Would you print exactly the lines that begin the listing and continue through the line holding "Local Flooring Retailer"? No pictures, please.

── Dataset content ──

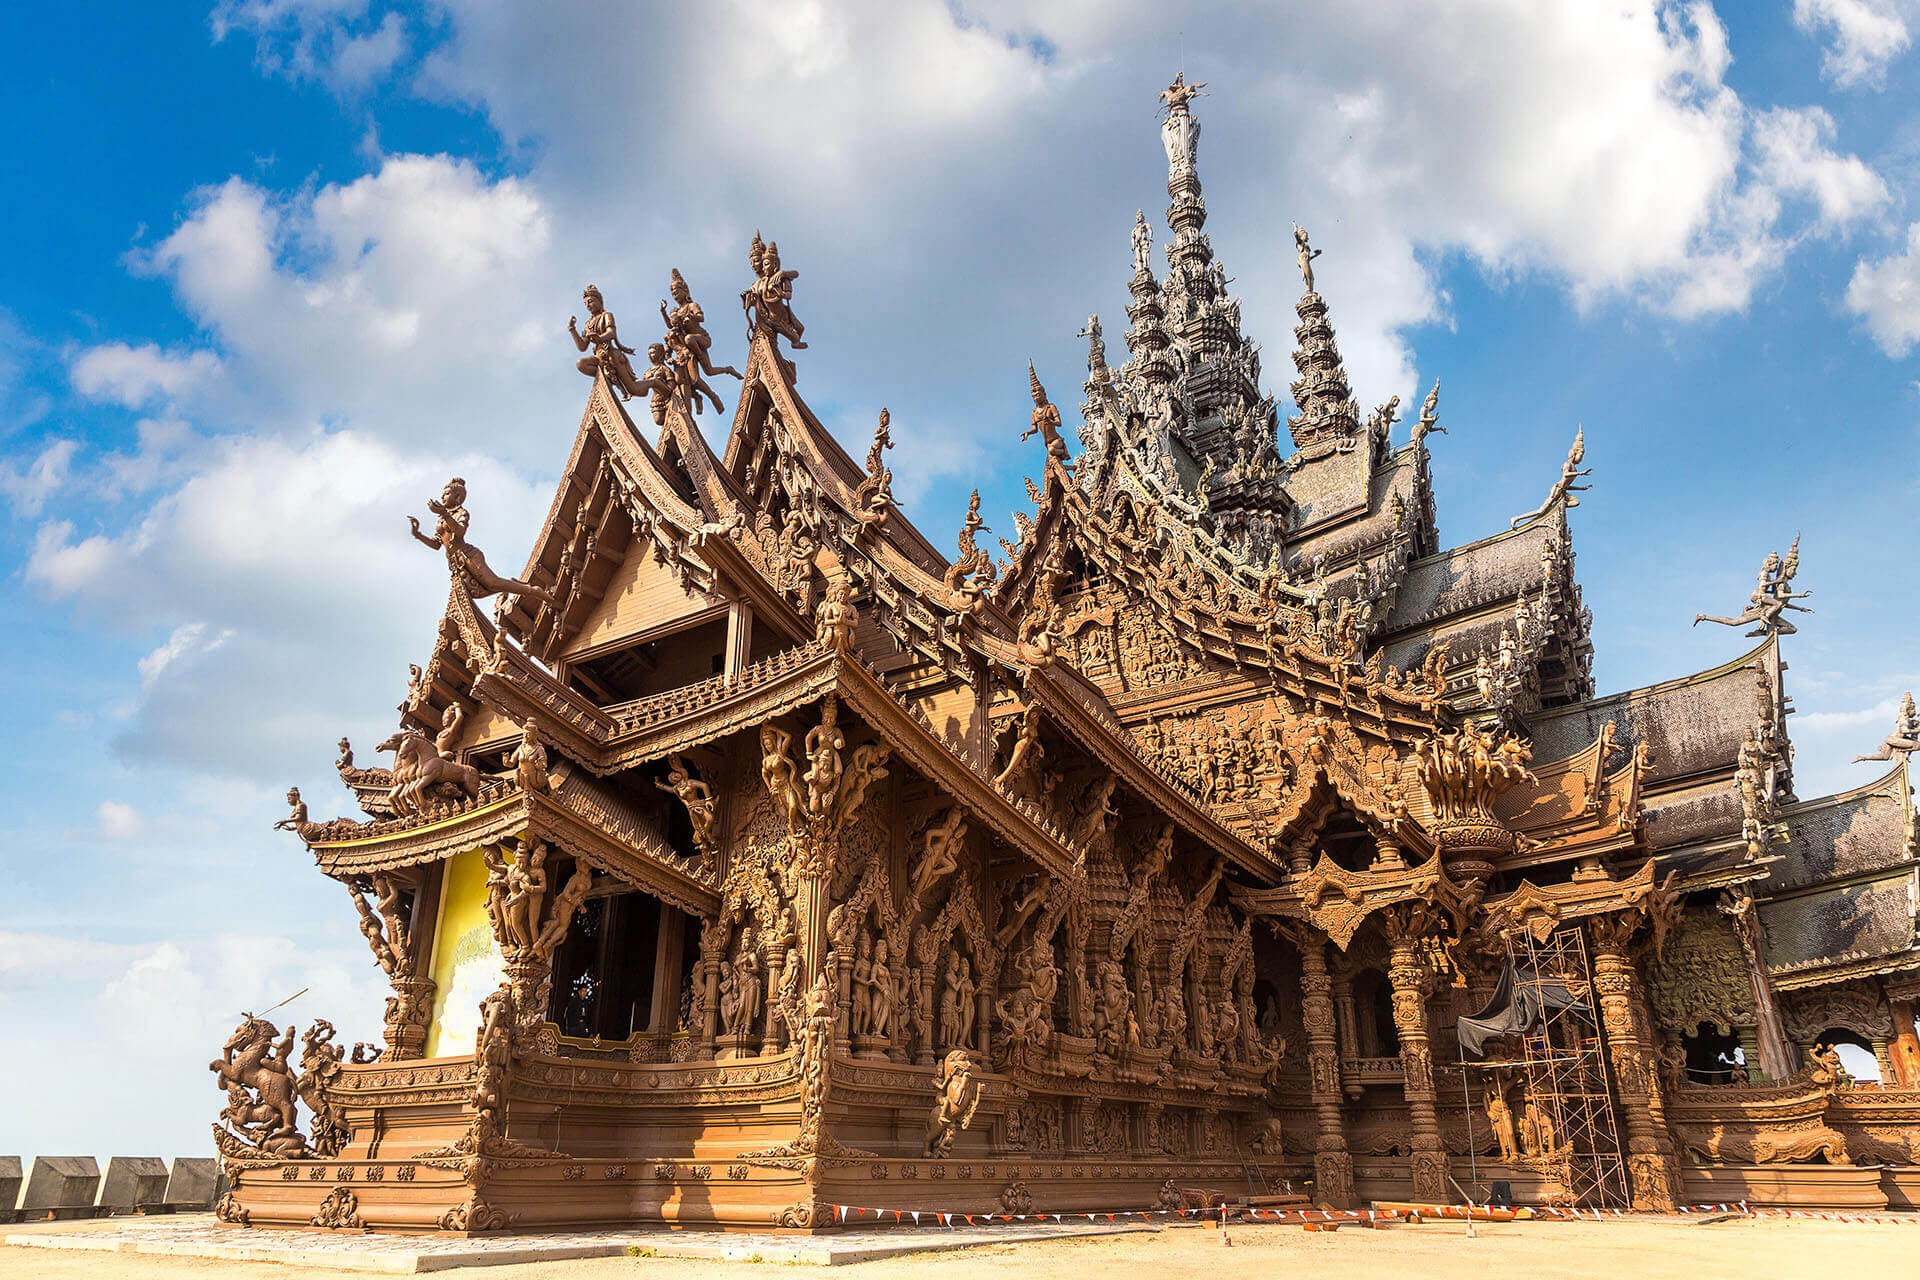 Thailand: Reduced Quarantine Period for Fully Vaccinated Travelers
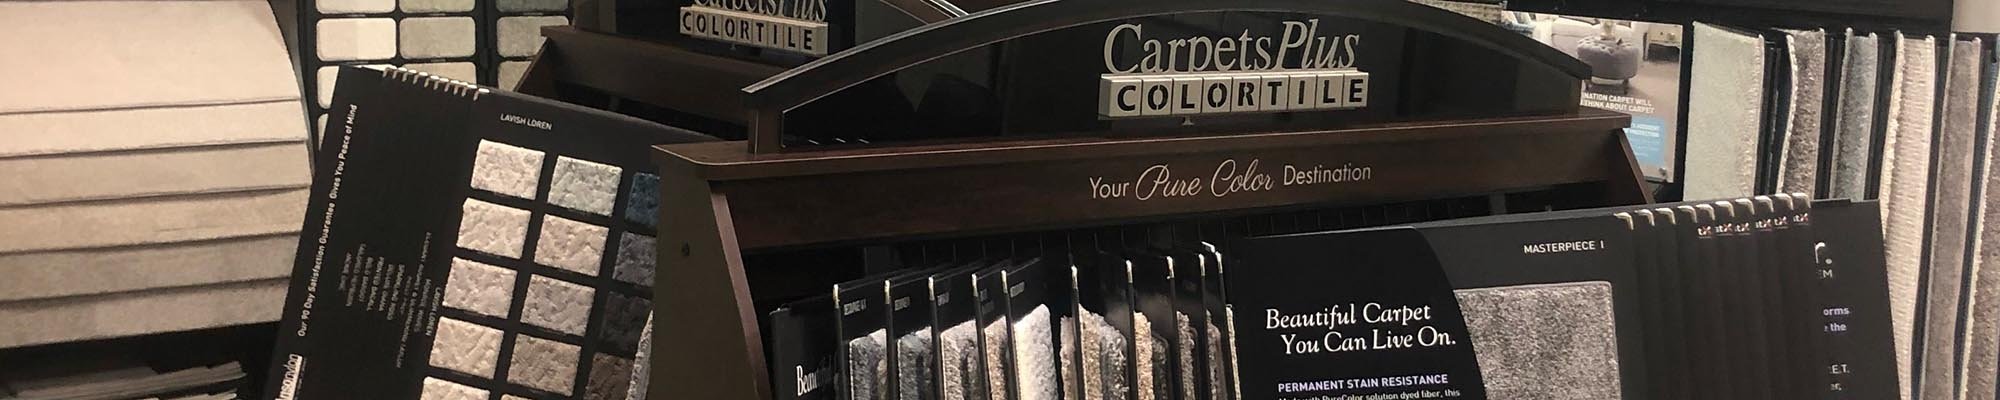 Local Flooring Retailer in St. Louis, MO  - CarpetsPlus of St. Louis providing a wide selection of flooring and expert advice.
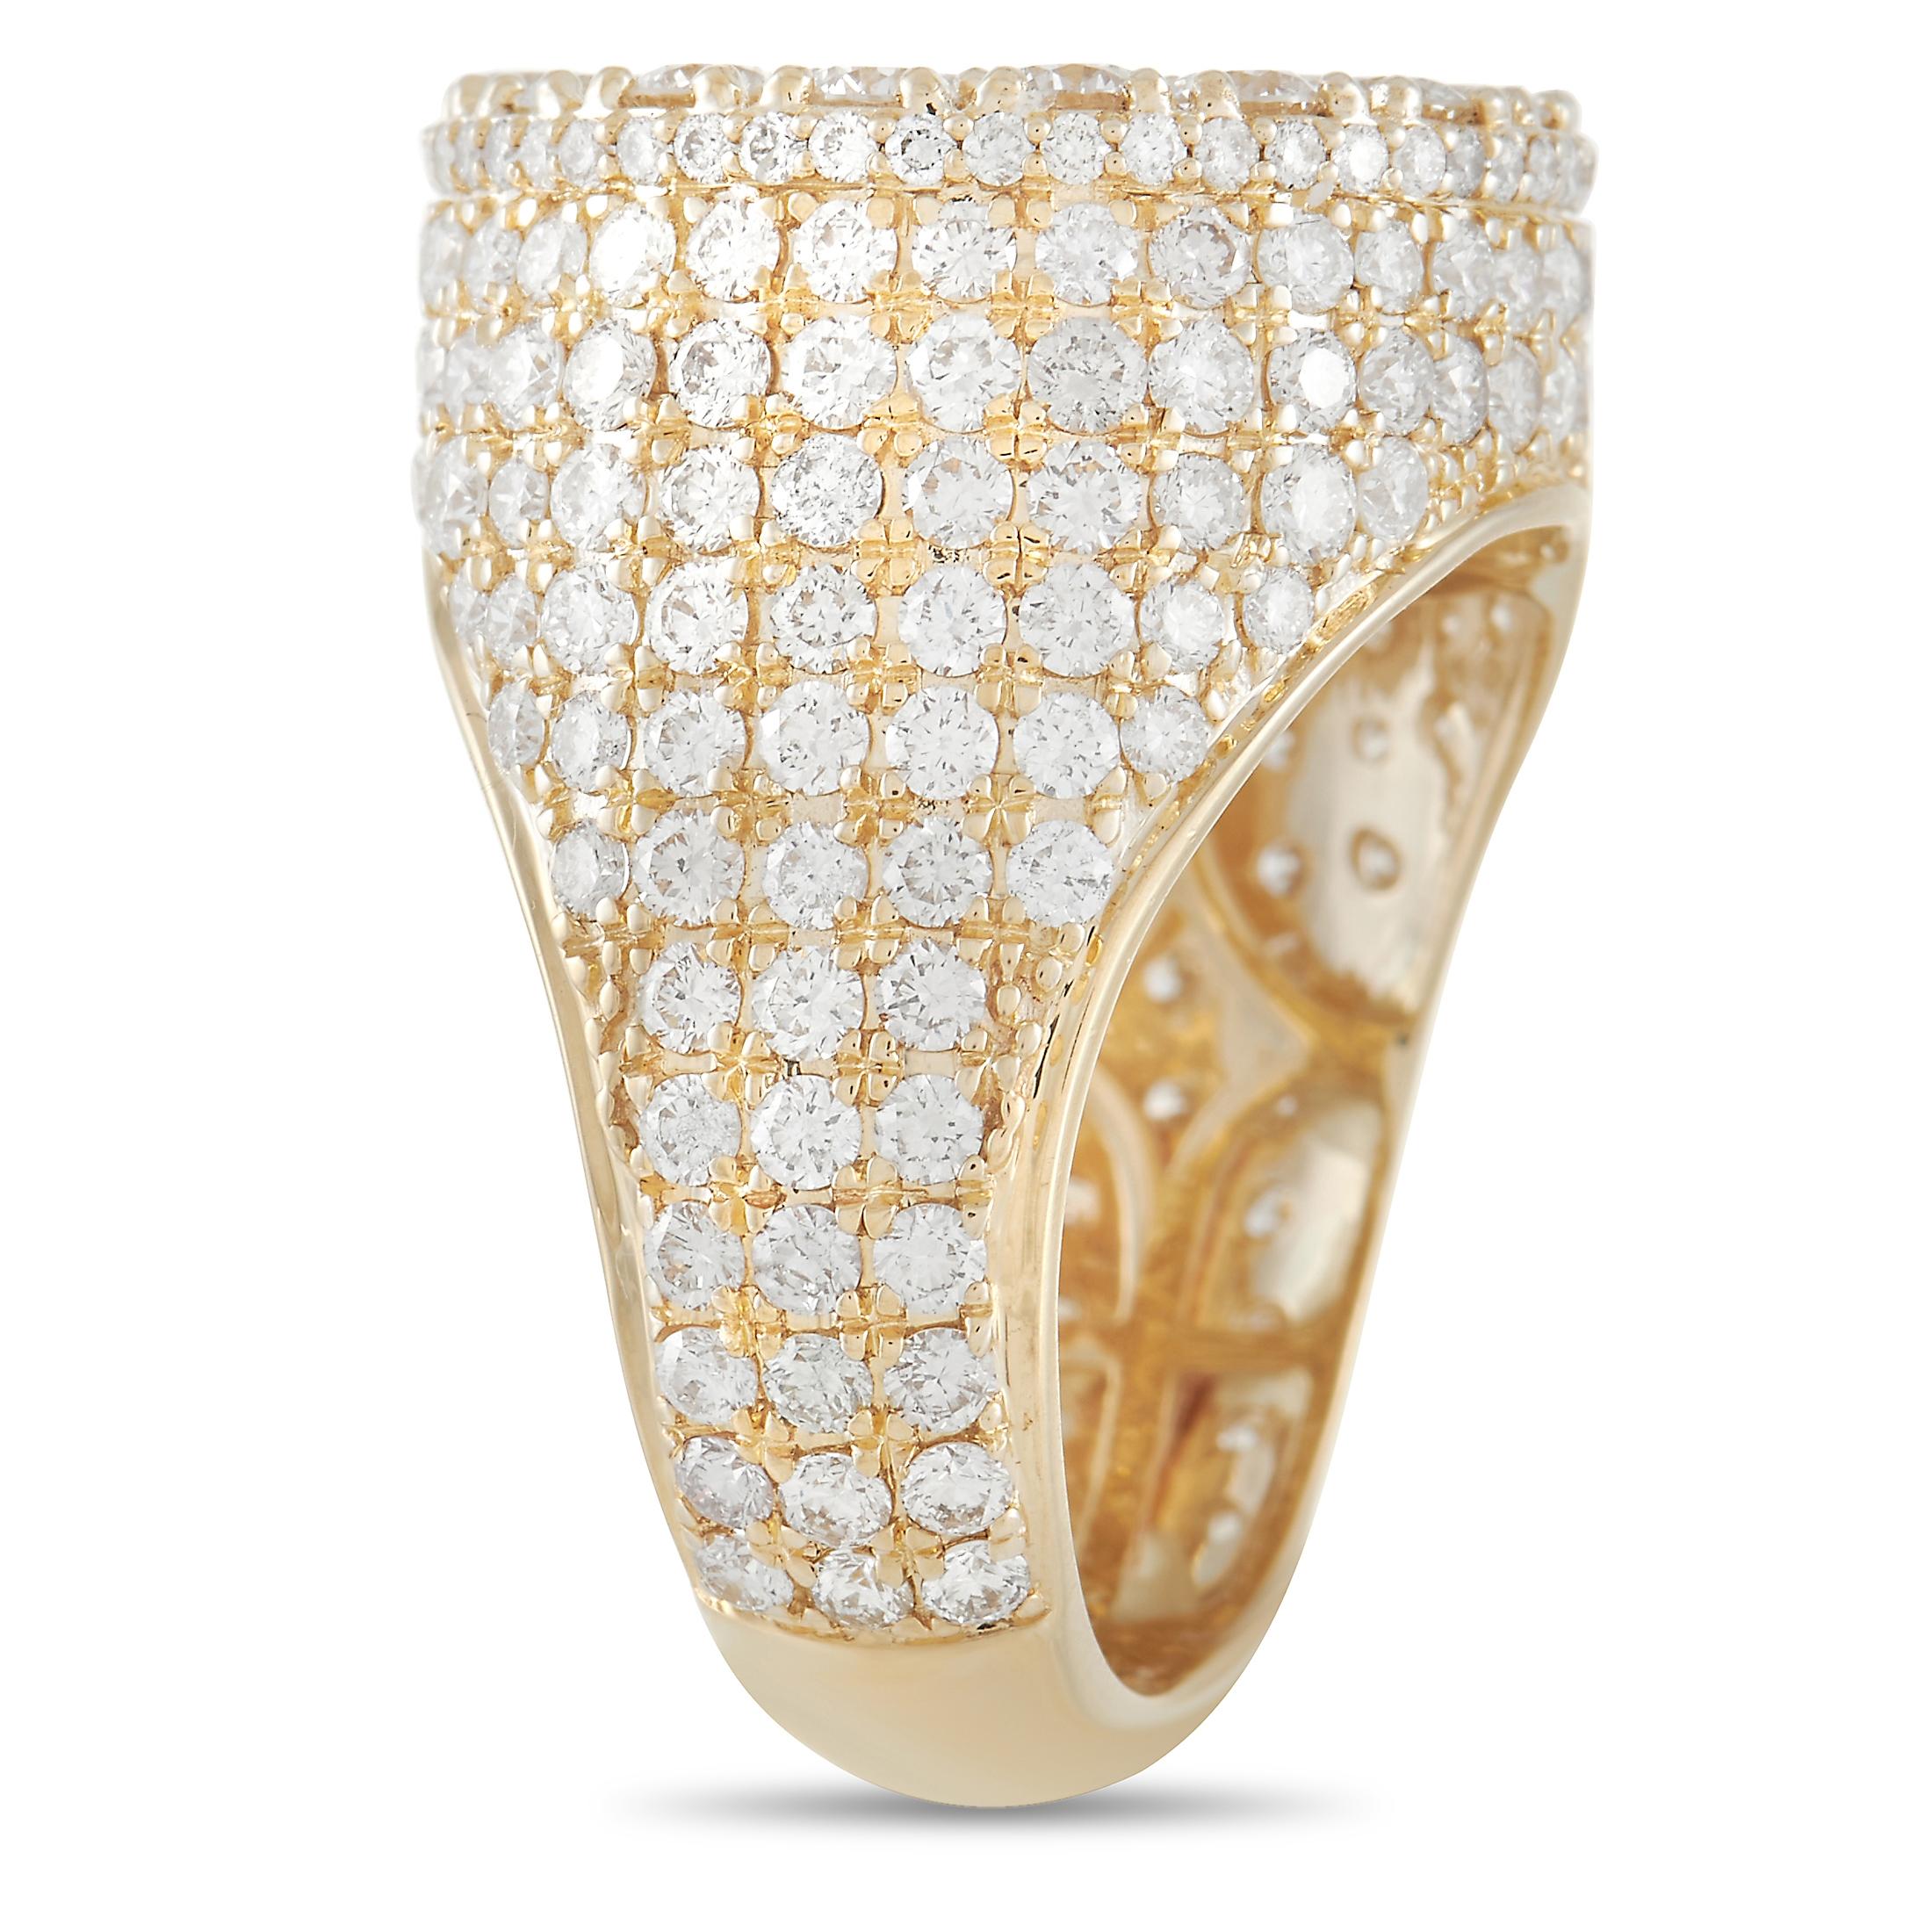 An impressive array of diamonds totaling 7.25 carats make this bold ring impossible to ignore. Featuring a lustrous 14K Yellow Gold setting, the 5mm wide band and round, flat top make it an incredibly luxurious that will always make a statement. The

───

▶ Output for this task
 Thailand: Reduced Quarantine Period for Fully Vaccinated Travelers
 Local Flooring Retailer in St. Louis, MO  - CarpetsPlus of St. Louis providing a wide selection of flooring and expert advice.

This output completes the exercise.